The rest of the Big Six have all made signings. And other than Liverpool – for whom the need is not so great – they’ve all brought in players that will improve not just their squad, but their starting line-ups. And most of them completed those signings weeks, if not months ago. They identified the areas of weakness in their teams, targeted players to strengthen those areas of weakness, negotiated deals with those players’ clubs and agents and completed the transfers. That’s how it’s done.

So why can’t United do that? Everything’s so complicated, drawn-out and tiresome, with this DNA-infused air of superiority hampering the deals at every stage. £108million for Sancho? We’re not paying that – he wants to join us. A deadline? Facetiousness – we won’t be bullied. We’ve got history, heritage, pedigree – we’re Manchester United.

Then you will have to do without.

The Glazers have reportedly said £108million is too much for Sancho, and fair enough. But it’s always been too much. Dortmund might have been bluffing, but it’s far more likely that they weren’t and they really were going to stick to that deadline and that price tag. What are the other options? Where do you go from here? To pin all their hopes on a player they knew they couldn’t afford is negligence.

It’s the arrogance of it all. Ed Woodward, the Glazers, even some fans – believing players will desperately force through a move to Manchester United, simply because they’re Manchester United. But how much do players really care about the history? They may have won more league titles than any other English club, but how close are they to their next one? Surely that’s what counts now.

Both Timo Werner and Hakim Ziyech spoke of their desire to join Chelsea, specifically because of the conversations they held with Frank Lampard, Petr Cech and Marina Granovskaia; they felt wanted. Would you feel the same way having held a similar conversation with Woodward? Does he have the wit to woo?

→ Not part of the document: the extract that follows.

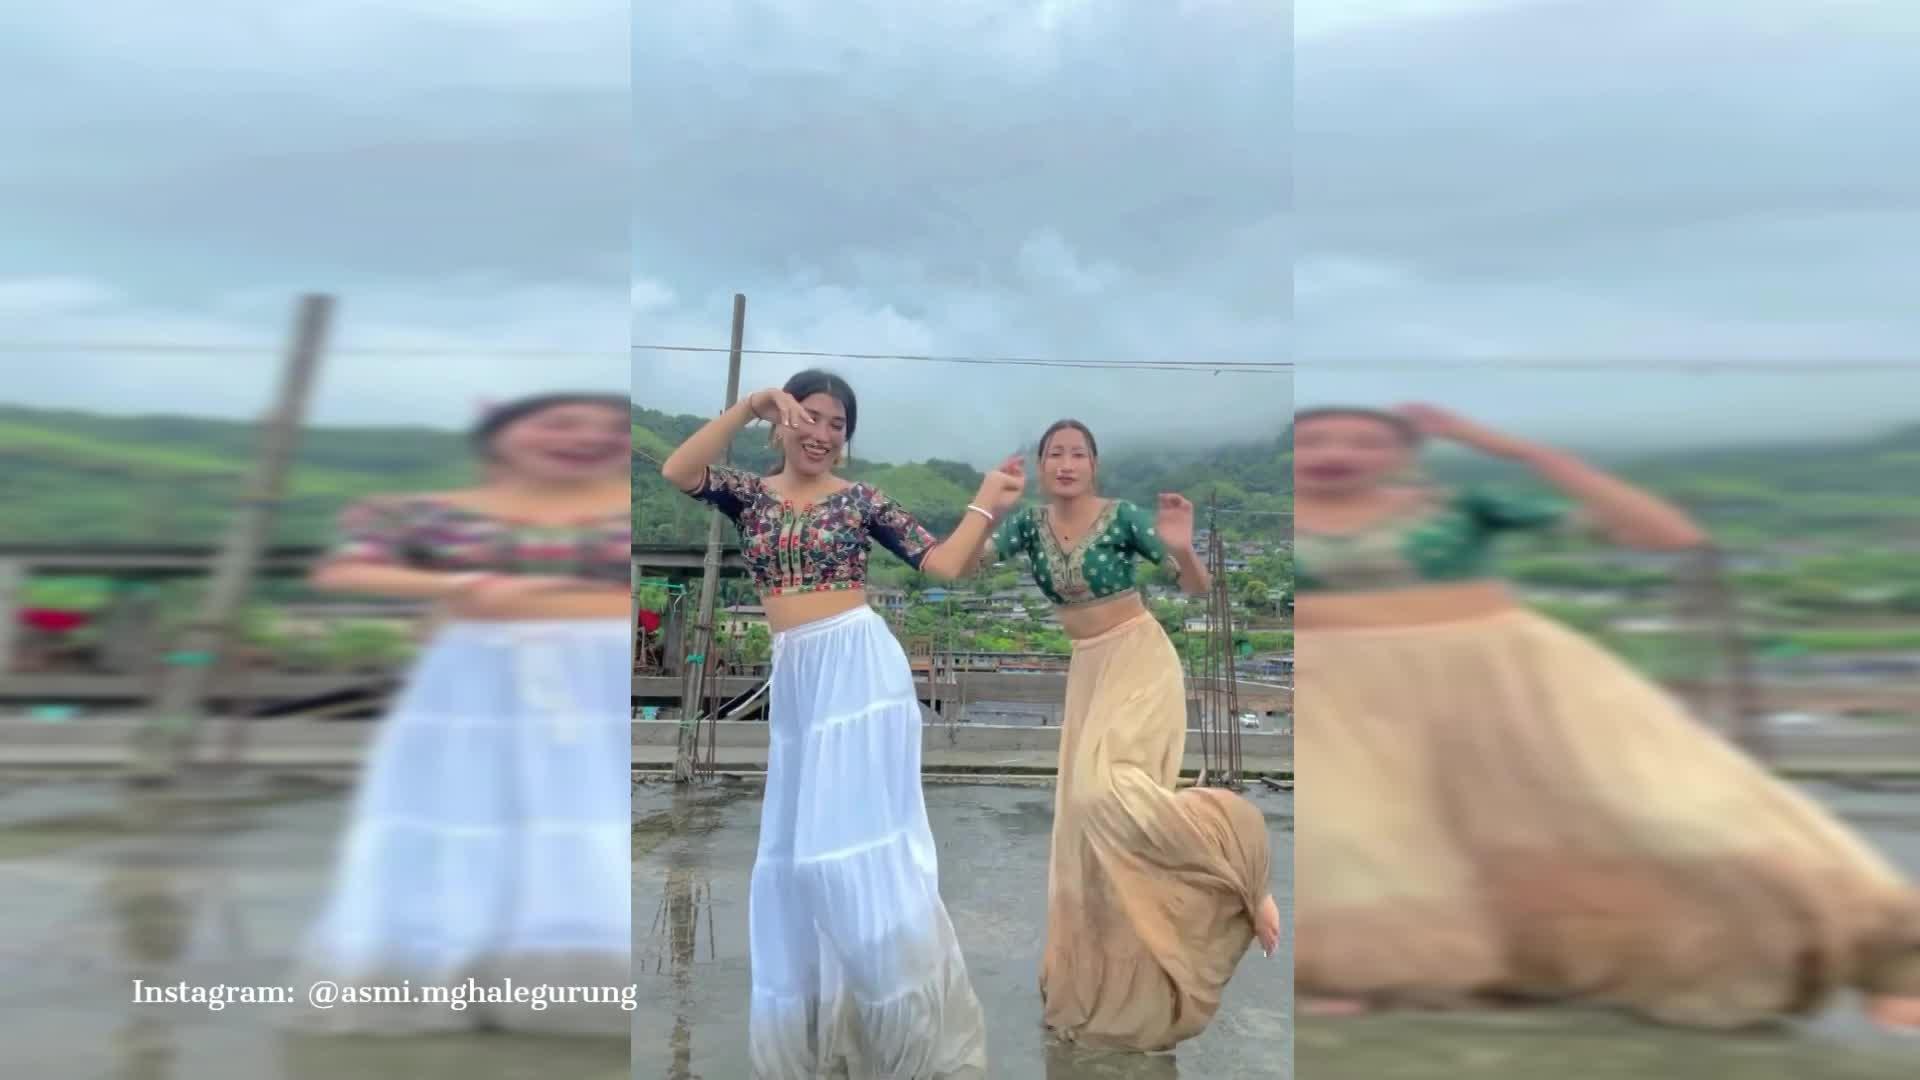 बारिश की धुन में 'नेपाली' गाने पर नाची खूबसूरत लड़कियां, स्टेप्स और एक्सप्रेशन पर यूजर्स हो गए दीवाने

We can only really speculate as to how personable the United executive is in those situations. But the enthusiasm that’s easy to picture on the face of a player sat in front of Frank Lampard or Mikel Arteta wanes when you imagine the droning of Woodward, explaining why it would be a privilege to play for the famous Red Devils.

It’s the Community Shield next weekend; the Premier League starts two weeks later. And the United transfer news – other than some very woolly links to many, many Sancho alternatives – is pretty bleak. In another failed show of bravado they made a late bid for Gabriel Magalhaes, who is destined to join Arsenal. Talk of a move for Jack Grealish has been replaced by murmurings over a deal for David Brooks. But there are no ‘advanced talks’ or personal terms being discussed – not publicly anyway.

It’s time for a change of tack – what United are doing isn’t working. But they’ve got to do it quickly, or Solskjaer could be looking down the barrel of a gun he knew had been primed and loaded through the hubris of his bosses and a club relying too heavily on its past glory.